Es difícil para una nación tener que esperar la muerte de alguien querido, pero es más difícil saber que la propia muerte es el centro de las habladurías nacionales. Un hombre de grandes ideas, de pensamientos profundos y de complejas interpretaciones de la realidad es una especie de espíritu en estas extrañas naciones del trópico, similares a voces de conciencia eterna que castigan y condenan los vergonzosos comportamientos populares.
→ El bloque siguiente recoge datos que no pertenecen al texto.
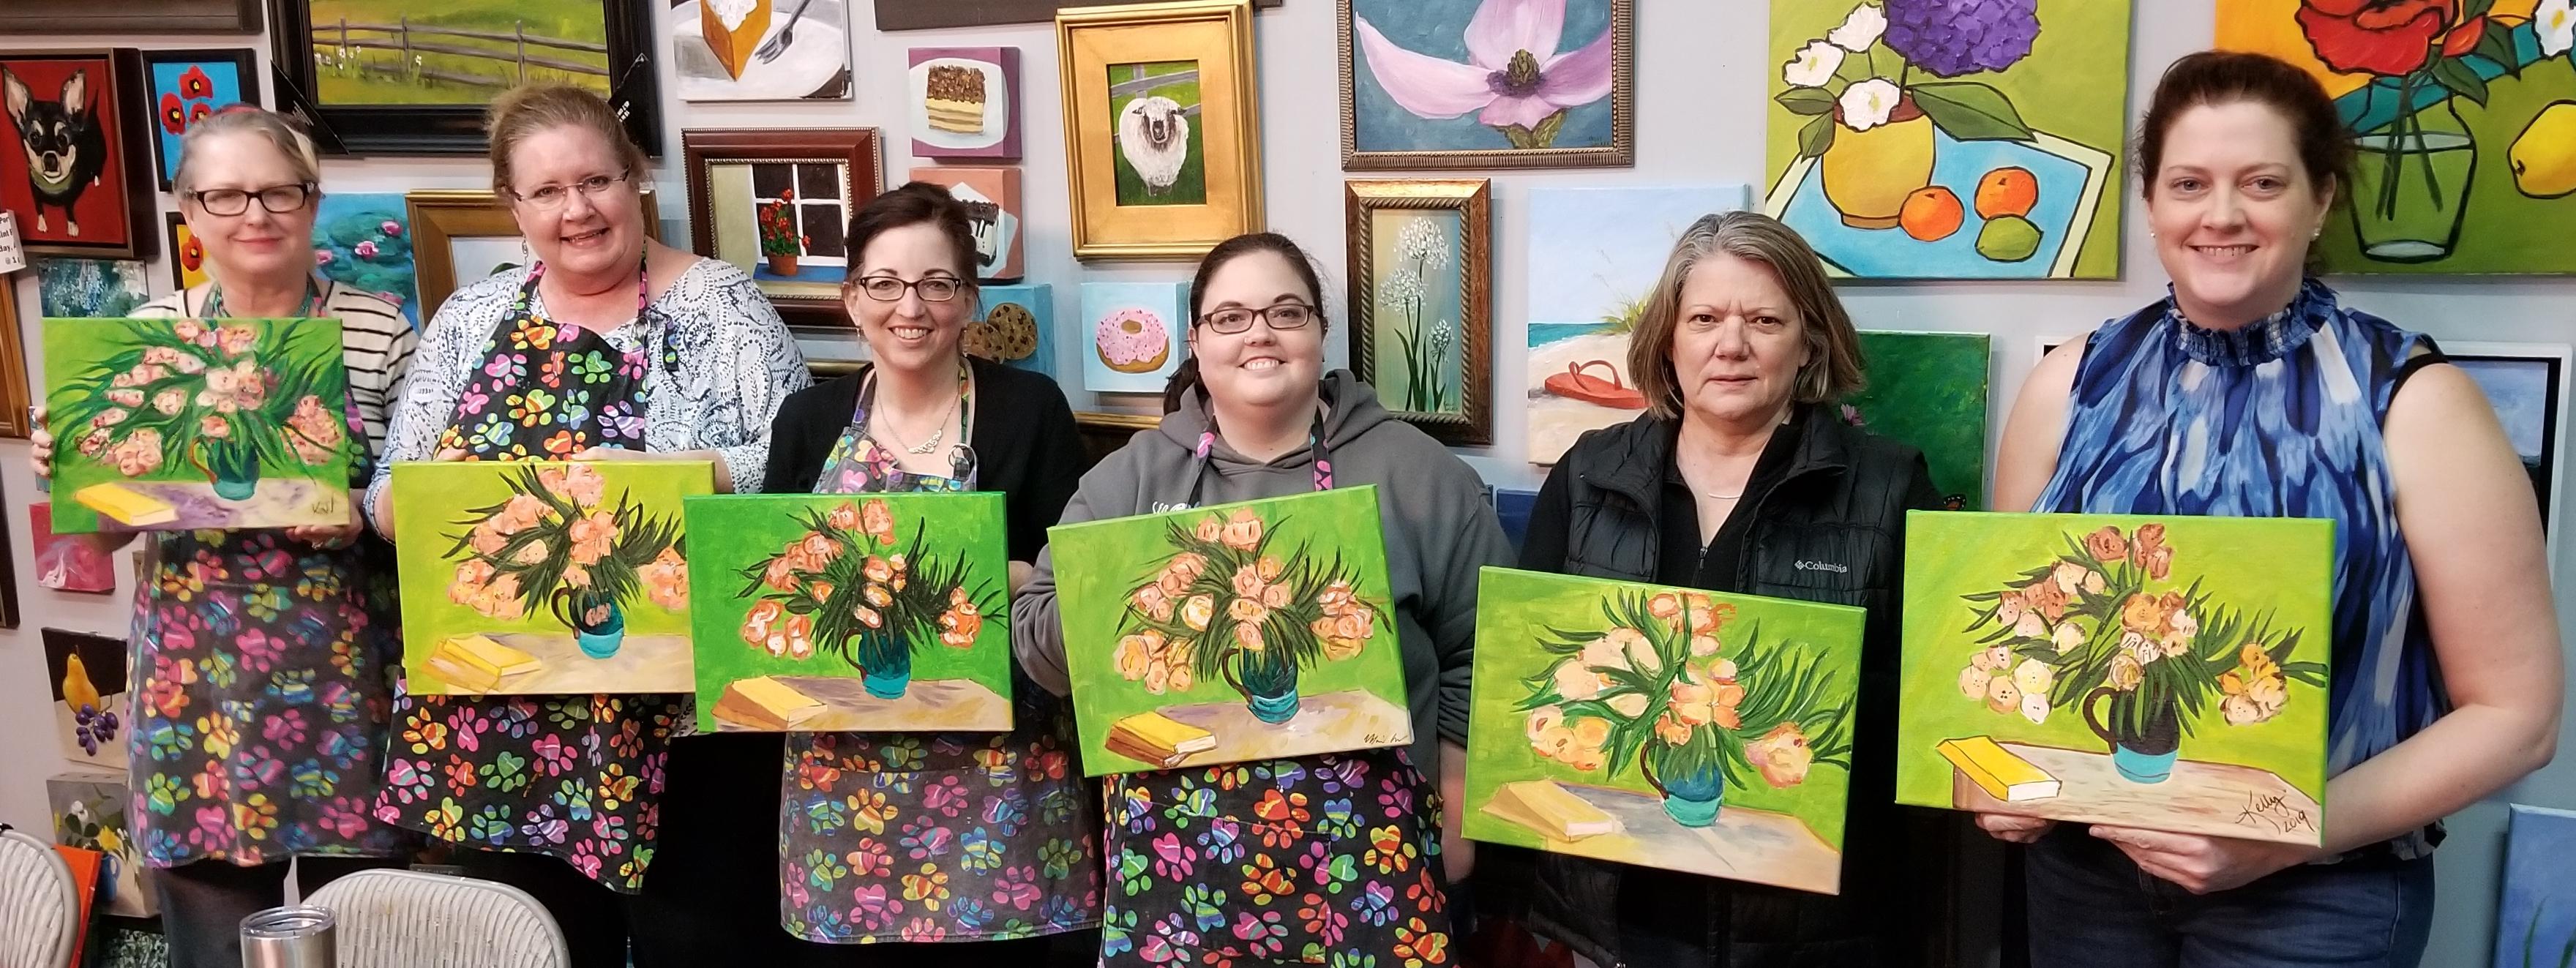 Famous Painters Van Gogh March

Todos y cada uno abren los oídos atentos a las palabras de estos sabios, pero al escuchar sus reproches decorados y sus condenas viran los ojos al suelo en evidente actitud de vergüenza y caminan luego de vuelta a sus casas, a ser como siempre han sido. A lo mejor se reprochan a sí mismos y en público su vida más marginal que digna, pero las voces de los sabios retumban luego sólo en el eco lánguido de las academias, pues en las calles el vergonzoso bullicio de la gente acalla las conciencias.
Así que la ciudad se expandía abajo, lejos del minimalista apartamento de aquel hombre sabio que moría lentamente, varios pisos más arriba. El único recuerdo de la ciudad que llegaba hasta allí era algún eco melancólico ya vencido por el aire o de alguna bocina impertinente que se atrevía a molestar. Y también el perfil de la ciudad que cortaba el cielo con la forma de sus rascacielos. Aquella muerte de cortinas abiertas le permitía el moribundo observar el país al que tanto habló y del cual recibió como toda respuesta silencio total.
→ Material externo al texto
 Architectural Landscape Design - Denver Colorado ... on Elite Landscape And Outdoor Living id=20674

- Francia, Francia, Francia de mi corazón – Se decía de vez en cuando – De haberme quedado dentro de tus bordes a lo mejor no habría sido mi voz tan muda.
Pero ya la Francia de su felicidad quedaba en su pasado. Él se encontraba en esta nueva nación tropical, que es nueva en cada segundo y que se comporta como las naciones jóvenes, inexpertas e inmaduras, incomprensibles para la lógica e incompatibles con la civilización. Y la luz que entraba por su ventana le recordaba esa inconmensurable realidad humana.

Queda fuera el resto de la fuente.